Although it’s a name not necessarily associated with financial stability, Las Vegas Sands Corp. (NYSE:LVS) is exactly that right now. While the broader markets are desperately attempting to reverse their bearish trajectory, LVS stock is a rare beacon. Year-to-date, shares are up nearly 4%, while the benchmark Dow Jones index is down 3%.
But can Las Vegas Sands stock continue to operate against the grain? Initial indicators suggest they can. For instance, competitors like MGM Resorts International (NYSE:MGM) and Wynn Resorts, Limited (NASDAQ:WYNN) are in positive territory for the year. The latter organization is particularly impressive, given its former CEO’s sexual harassment controversy.

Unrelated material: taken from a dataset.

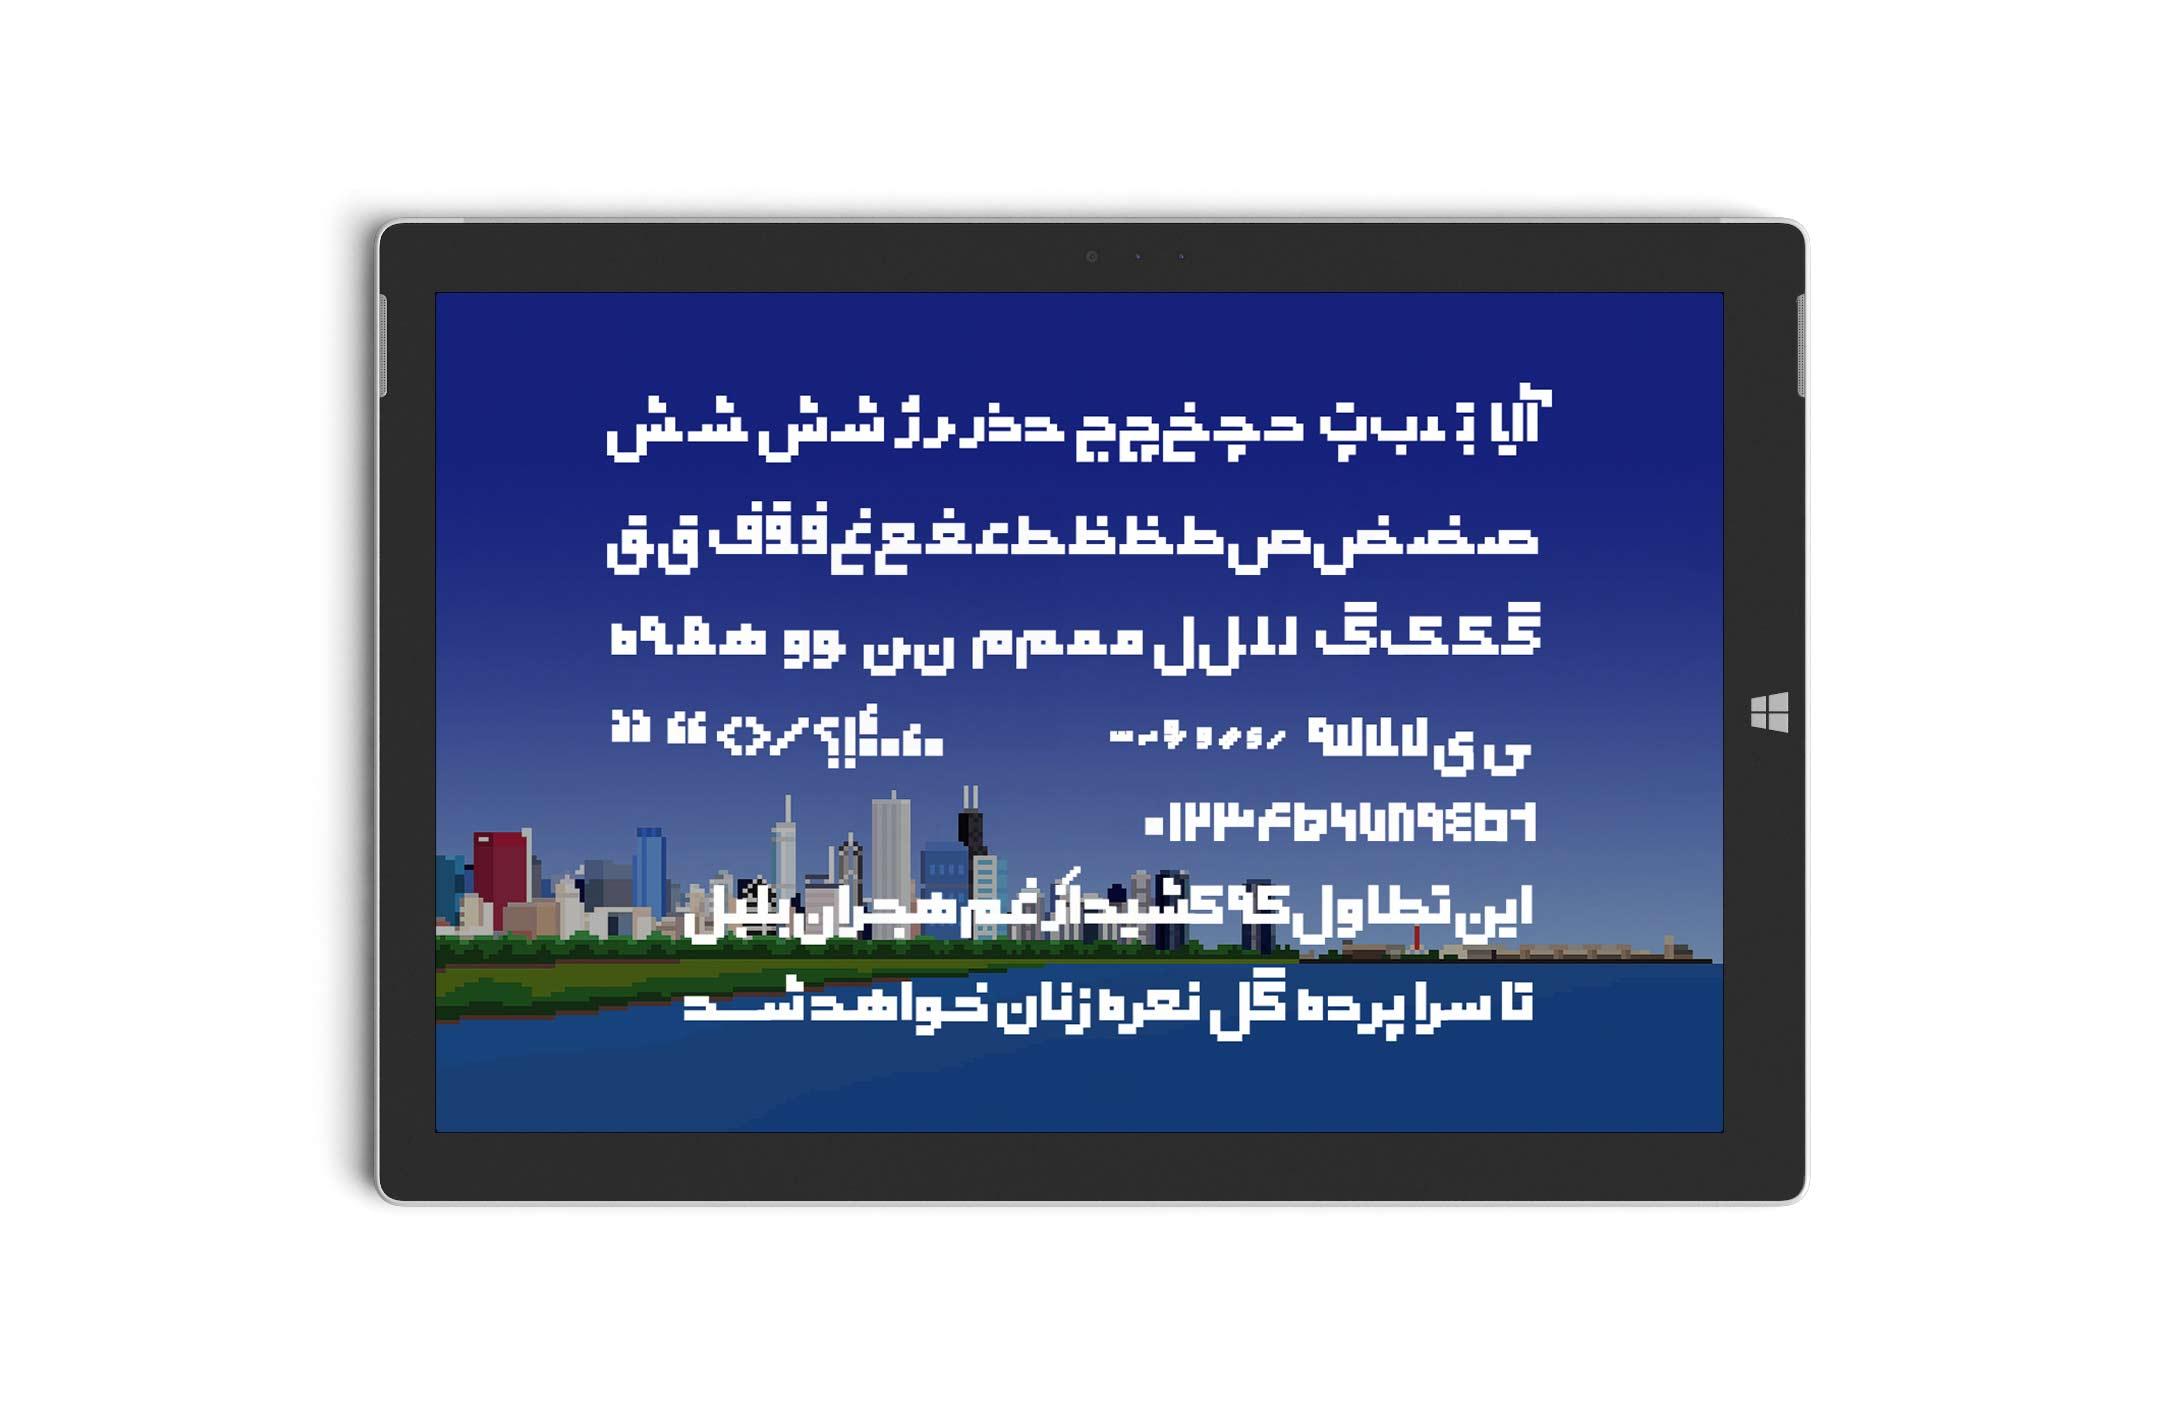 8bit-font-pixeler-3

The casino industry’s robustness in the face of broader headwinds segues into another point: Las Vegas Sands stock is considered a vice investment. In troubling times, vice stocks seem like a solid bet. Escapism is in high demand when the economy gets rough, and what better place to escape than Las Vegas? After all, what happens in Vegas stays in Vegas.
Moreover, Wall Street’s sentiment towards Las Vegas Sands stock is very strong. Over the past four quarterly reports, the company produced an earnings surprise averaging 13.8%. Current year estimates are moving higher, while we’ve yet to see negative revisions.
Ultimately, this translates to stronger performances in Las Vegas Sands stock, and continued justification for its increased valuation. Unfortunately, I believe this enthusiasm is already baked into the price. Moving forward, investors should exercise caution.
Las Vegas Sands Stock Faces Difficulties
In order for gambling resorts like LVS to thrive, you need two consistent catalysts: more people and more money. As I pointed out with Wynn Resorts, Las Vegas has plenty of people visiting. The problem is that they’re not spending as much money as they used to.
In addition, Las Vegas has witnessed increasing volume from professionals attending industry conferences. Notwithstanding certain “mature” conferences, these folks aren’t necessarily partaking in the Vegas experience, as indicated by reduced revenues per visitor. That’s a tough headwind for Las Vegas Sands stock to overcome.
Worryingly, the pain may not end soon. Sin City’s tourism industry saw a significant drop in visitors during last year’s holiday quarter. Keep in mind this is also one of the best times to visit since the place isn’t hellishly hot. As a result of the tourism decline, Las Vegas had to cut jobs in affected sectors.
Moreover, last year’s horrific shooting from the Mandalay Bay has apparently negatively impacted tourism sentiment. Combined with lesser traffic volume, Vegas weddings fell to a 26-year low in 2017.
While these dynamics are challenging for any gaming resort company, Las Vegas Sands stock may see a disproportionate impact. That’s because corporate revenues have been choppy and generally unimpressive over the past four years. More significantly, the operating expenses to keep the show running are steadily rising.
Here’s the thing: Unless Vegas visitors start spending more money — and this seems an overly optimistic outlook — growth potential for LVS is limited. It’s hard to imagine a situation where investors are willing to pay more for Las Vegas Sands stock to knowingly get less.
Las Vegas Sands Stock Is No Moat
Some companies are such secular powerhouses that you don’t think twice about acquiring them when they’re on discount. Las Vegas Sands stock isn’t one of those investments. While I appreciate that it’s been a volatility hedge this year, I don’t think this situation will hold up.
Its core market is receiving fewer people who want to spend money. As a result, the Las Vegas economy is weaker than the U.S. average. Also, unforeseen incidents such as the mass shooting continues to negatively affect the city.
Ultimately, though, I think you have to respect the broader market weakness. We have a host of geopolitical concerns that are weighing down Wall Street, but let’s not forget the domestic issues — rising interest rates, social upheaval, multi-year high gasoline prices.
I wouldn’t be surprised if more people decided to stay home this year. If so, Las Vegas Sands stock is a poor wager.
As of this writing, Josh Enomoto did not hold a position in any of the aforementioned securities.